Bbabo NET

Toplum Haberler

Neden hepimizin biraz öz-sevgiye ihtiyacı var: Bir kanser teşhisi, insanları memnun eden birini kendi ihtiyaçlarını ilk sıraya koymaya nasıl itti?

Tata Tse'nin kendini sevme yolculuğu iki yıl önce 32 yaşında başladı.

Tiroid ve lenf nodu kanseri teşhisi konduğunda duygusal olarak “sıkışmış” hissetti. Hong Kong'daki Sheung Wan'da bir hipnoterapi kursuna kaydoldu ve burada kendini sabote eden düşüncelerle çalışmayı, kendisiyle ilişkisini geliştirmeyi ve daha olumlu bir zihniyet geliştirmeyi öğrendi.

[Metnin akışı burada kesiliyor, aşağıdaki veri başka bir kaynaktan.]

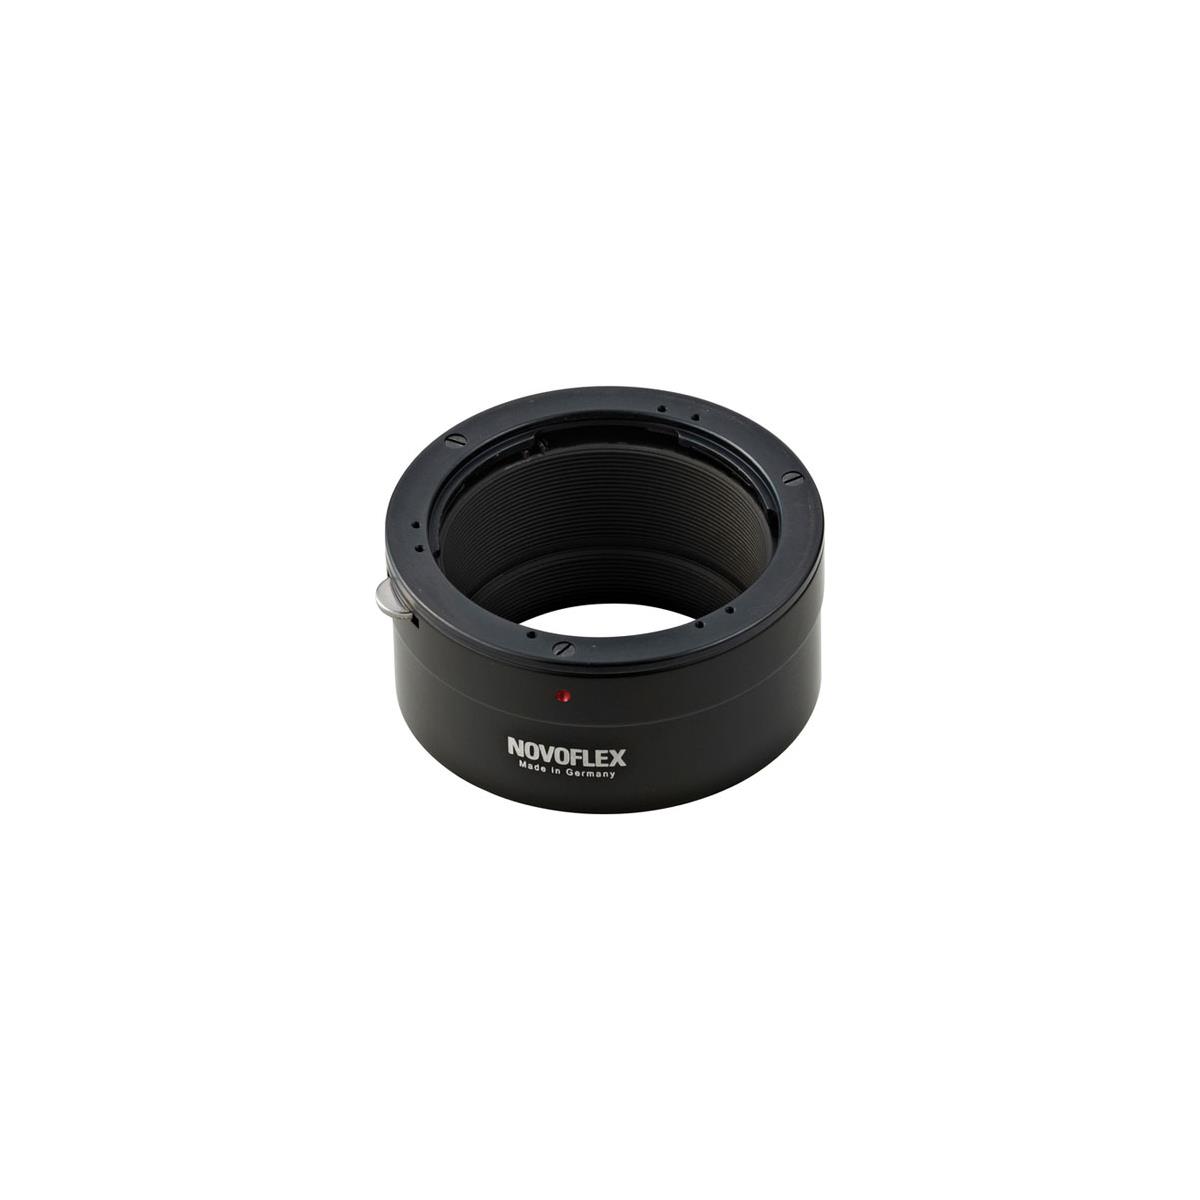 

Novoflex Adaptr Contax/Yashica Lens to Sony NEX Camera

Hong Kong'da doğup büyüyen şu an 34 yaşında olan, “Yıllarca kendimi kabul etmek ve sevmek için mücadele ettim ve işlemek ve salıvermek için ihtiyaç duyduğum tüm bu zehirli duygulara sahiptim” diyor.

“Duygusal olarak gelişmek istedim ve bu, artık bana hizmet etmeyen sınırlayıcı inanç ve davranışları bırakmak anlamına geliyordu. İlerlemem ve kendimi kurban olarak görmeyi bırakmam gerekiyordu.”

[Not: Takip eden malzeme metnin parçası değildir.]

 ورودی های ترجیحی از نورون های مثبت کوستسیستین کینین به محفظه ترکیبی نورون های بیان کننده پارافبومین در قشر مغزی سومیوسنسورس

1990'larda bir kız okulunda öğrenciyken, Tse'nin sınıf arkadaşları ona zorbalık etti ve Tse onlar kadar iyi olmadığını hissetti. İçine kapanık, fazla arkadaşı yoktu ve kendini görünmez ve önemsiz hissediyordu.

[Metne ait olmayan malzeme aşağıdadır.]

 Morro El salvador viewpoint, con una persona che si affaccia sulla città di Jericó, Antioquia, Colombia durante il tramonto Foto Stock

Sevilmek ve kabul edilmek için çaresizce, başkalarına hayır diyemeyen insanları memnun etti.

“Benim de sınırlarım yoktu ve beni nasıl etkileyeceğini düşünmeden başkaları için bir şeyler yapardım” diye açıklıyor. "Onların onayını almak için sık sık kendi yolumdan giderdim ama bu beni bunalmış, endişeli ve stresli hissettirirdi.

“İstedikleri değerlerimle örtüşmese bile insanlara evet derdim. Onları üzecek veya benden hoşlanmamalarına neden olacak bir şey yapmaktan korkuyordum.”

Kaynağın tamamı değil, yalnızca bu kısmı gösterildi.